Изменить размер шрифта - +
Вечером сплести новые лапти и сделать кружку с котелком и ложку. Если варить мясо, пожалуй, неплохо заодно и бульончику похлебать. Соль отсутствует, но где-то по дороге могут попасться солончаки.

Бересты Данила достаточно надрал по дороге. Элементарно складывается в нечто вроде коробочки. От размера и глубины зависит кружка, котелок или тарелка. Конечно напоказ, от скуки зимой или для продажи можно сшить выступающие края красивым швом с помощью ниток, расписать снаружи растительными узорами или геометрическим орнаментом. В его положении хвастаться умением не перед кем и незачем. Вставил пару прутиков вместо ручки, связал края от самопроизвольного раскладывания тоненькой ивовой лозой – и поднялся, собираясь зачерпнуть воды. Первое испытание прочности.

На последнем шаге замер с поднятой ногой. Он не мог ошибиться! Под корягой была чужая тень. Рыба! И, кажется, немаленькая. С гулко стучащим сердцем вернулся назад, подобрал свою палку с обожженным концом, тихонько прокрался на прежнее место и, прикинув, где должно находиться туловище, чтобы не ошибиться из-за слоя воды, изо всех сил ударил, сверзившись при этом в воду, но не выпуская кола и ощущая бьющуюся на нем рыбу.

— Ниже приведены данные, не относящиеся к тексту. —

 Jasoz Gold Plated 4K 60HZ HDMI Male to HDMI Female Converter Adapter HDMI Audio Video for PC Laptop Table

– Попал! – закричал счастливо на всю округу.

Это оказался налим. Широкая сплюснутая, как у лягушки, голова, огромная усаженная мелкими зубами пасть, черные злые глаза, свисающие вниз усы. Пятнистое тело обильно покрыто клейкой слизью. В теплые солнечные дни он любит сидеть в тени, предпочитая холодную воду. А вот ночная темень – самая налимья пора. Тут он сам выходит на охоту, не брезгуя мелкой рыбешкой, мальками своей же породы, а при случае и живностью вроде мышки. Случается, налимы вырастают в добрую сажень и пару пудов весом.

Данный экземпляр тянул хорошо на полпуда, но оно и к лучшему. Старого и мощного Данила мог бы и не удержать. И так еле достал. Налим боролся до последнего и рвался не хуже пойманного в ловушку зверя. Почти разорвал себе заднюю часть. Попади в плавник – наверняка бы ушел, но повезло. Теперь уже не столь важно. В темнеющих сумерках Данила сидел у только что построенного шалаша, коптил рыбу над пламенем и время от времени, обжигая пальцы, наслаждался нежной сладковатой мякотью.

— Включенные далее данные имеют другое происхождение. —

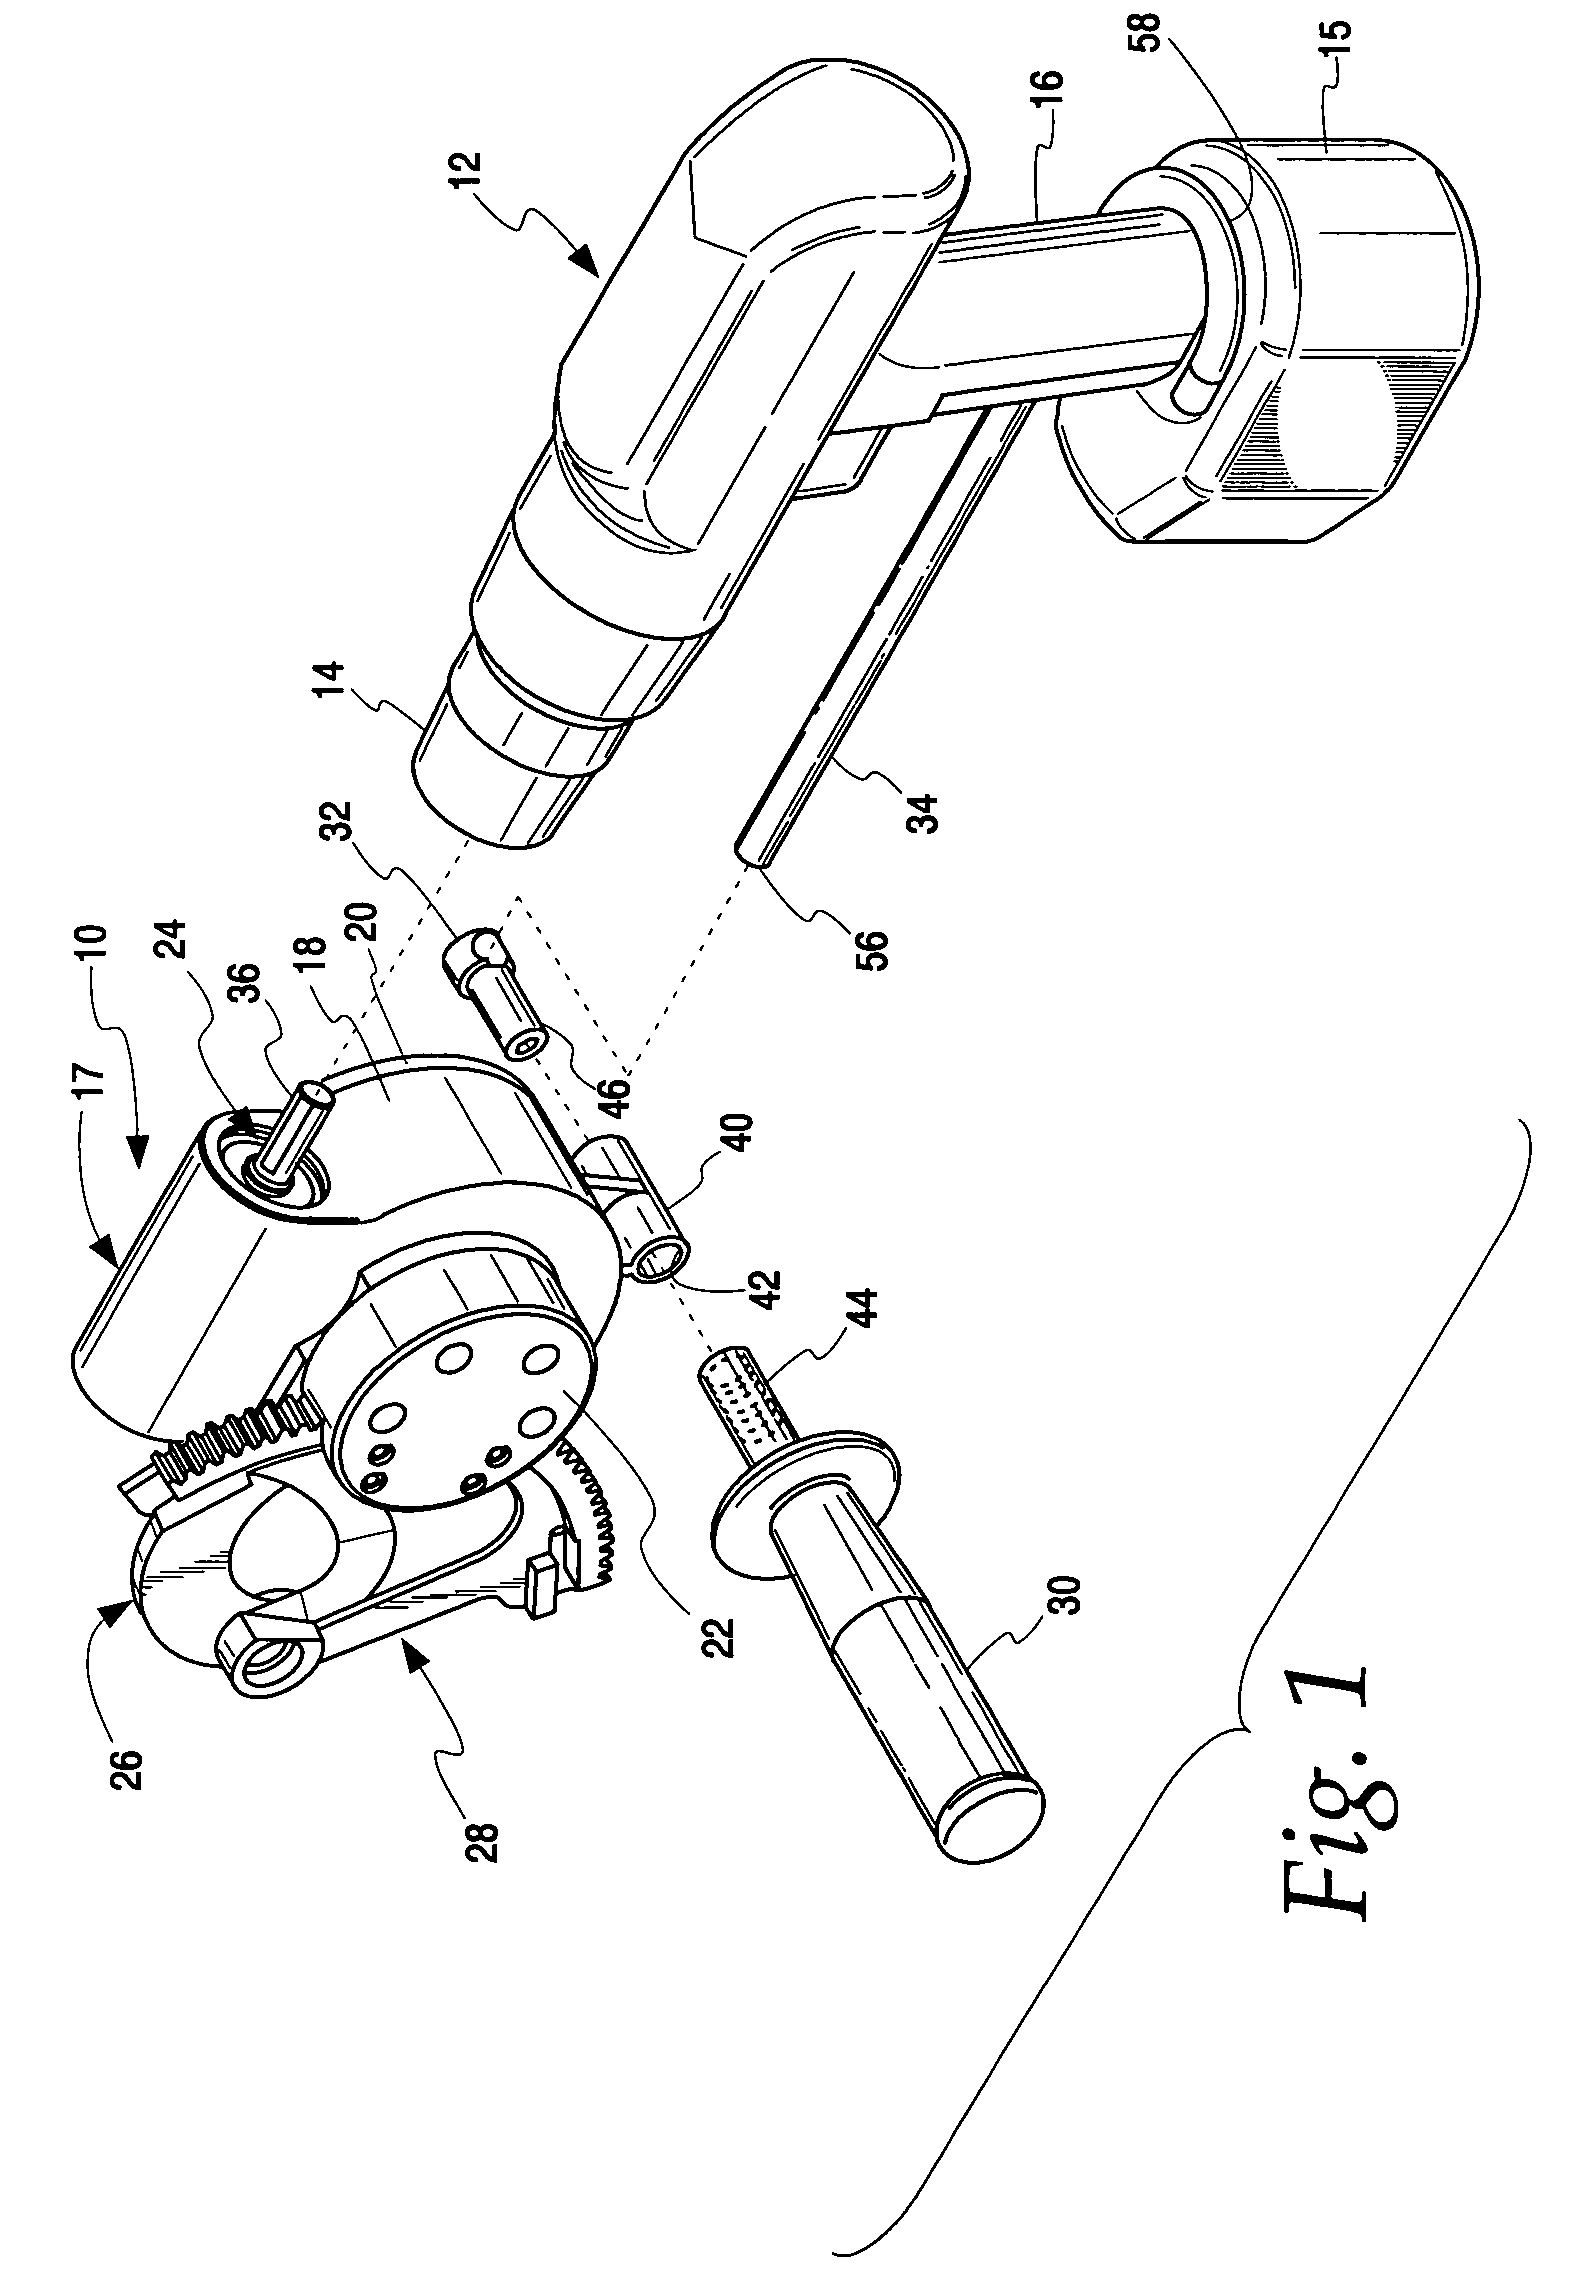 Drill powered cable cutter

Набив живот, сидел бездумно у потрескивающего костра, подбрасывая в него хворост, и слушал шелест ручья и деревьев. Ветерок был совсем слабым, и даже после захода солнца еще не холодно. Ночью даже запахи совсем другие: сильно пахнет землей, влажным мхом. Но на еловых ветках внутри шалаша при горящем у входа огне бояться нечего. Ни сам не замерзнет, ни зверь не посмеет потревожить.

 

– Ты опять не присутствовал на недельной утрене, – с заметной укоризной в голосе сказал тот, когда парень послушно приблизился, повинуясь знаку.

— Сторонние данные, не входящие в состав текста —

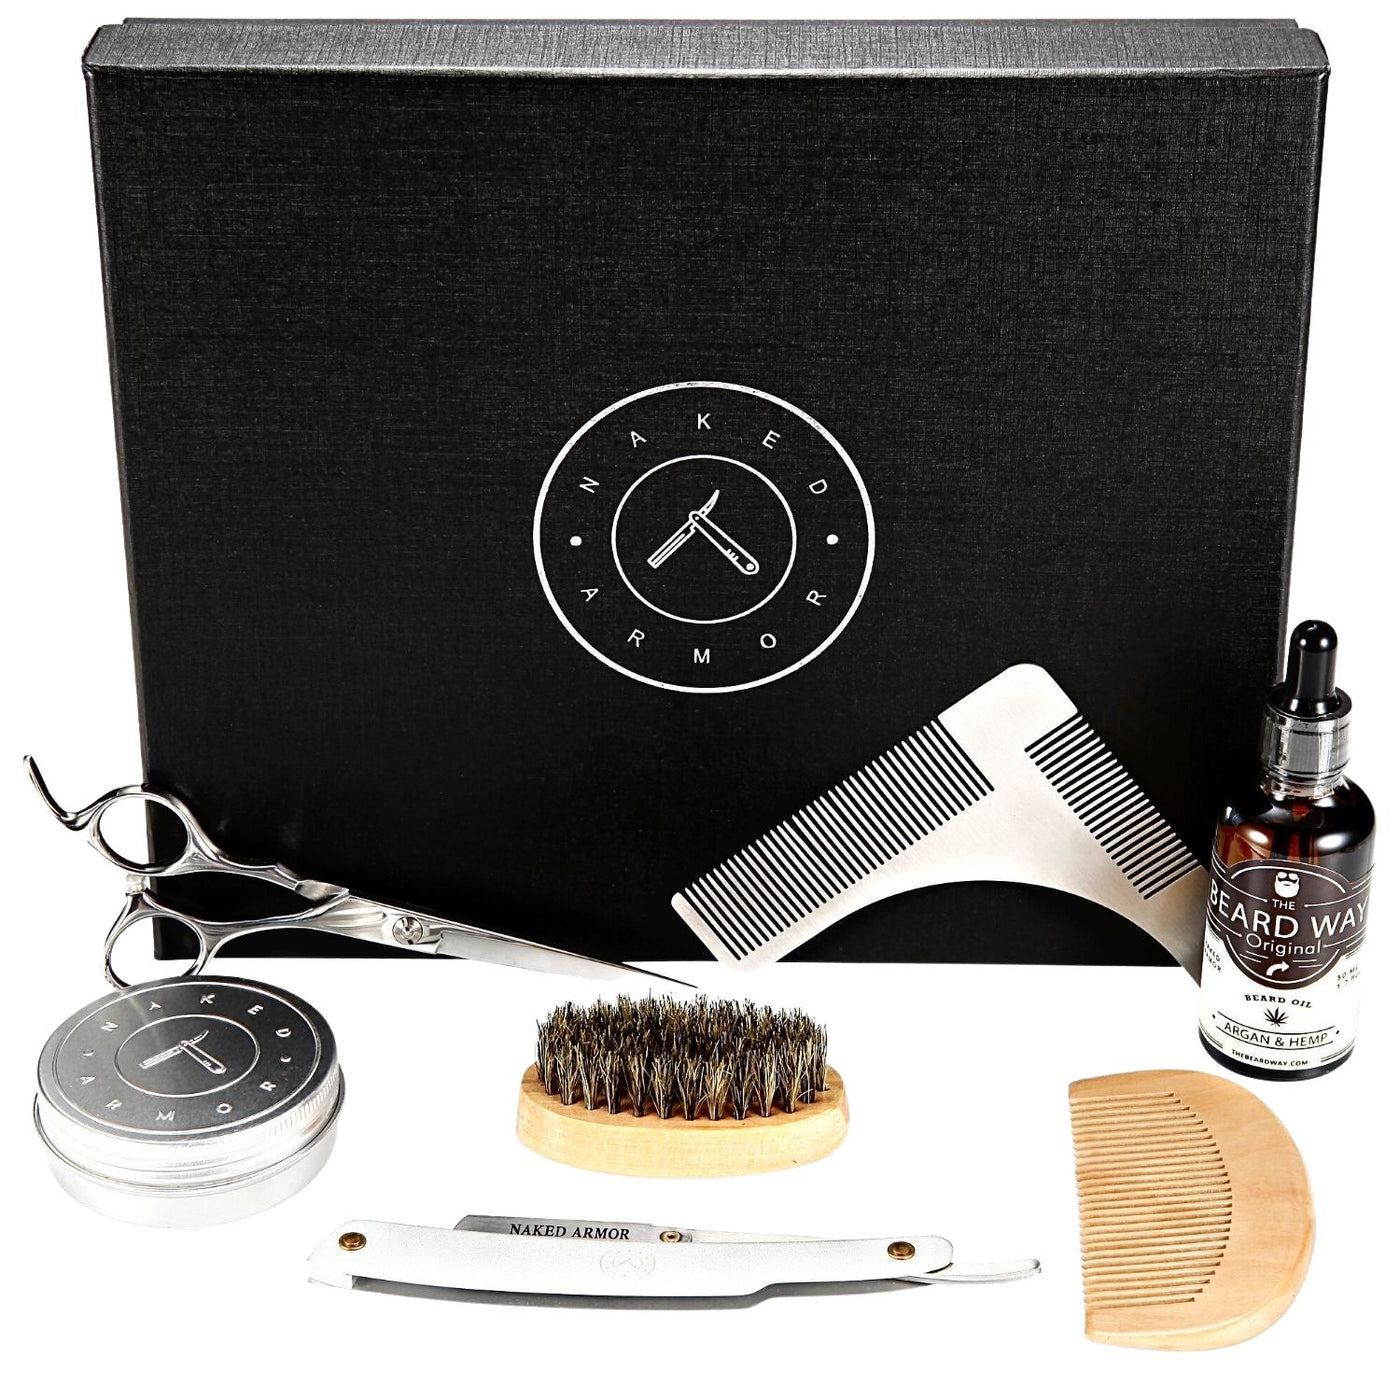  Grizzly Beard Kit by Naked Armor sold by Naked Armor Razors

– Никак не мог вернуться раньше, на выселках межевал у Трофима, – поспешно перекрестившись при упоминании, сознался Данила.

– Это никак тебя не оправдывает! – загремел отец Федор.

То есть он попытался загреметь. Голос у него совсем на бас не походил, вопреки внушительной внешности, тонкий и подобающий скорее отроку, чем взрослому человеку. В детстве очень смешило несоответствие. Теперь Данила достаточно вырос, чтобы соображать, насколько бесят попа усмешки и намеки на его неподходящий солидному священнику тембр речи. Может быть, отыгрываясь за все неудачи, начиная от назначения в здешний медвежий угол и заканчивая смехом детей, не исключено от характера, но отец Федор был неумолимо строг. Бдительно следил за нравственностью прихожан и заботился об их грядущем спасении.

А это означало постоянное вмешательство в жизнь людскую и общественную. Он требовал не засиживаться на гулянках слишком долго, отправляться домой из кабака с появлением на небе звезд, грозил суровой карой рыбакам, выходящим в море в воскресный день, и запрещал всякие развлечения, не освященные обычаем.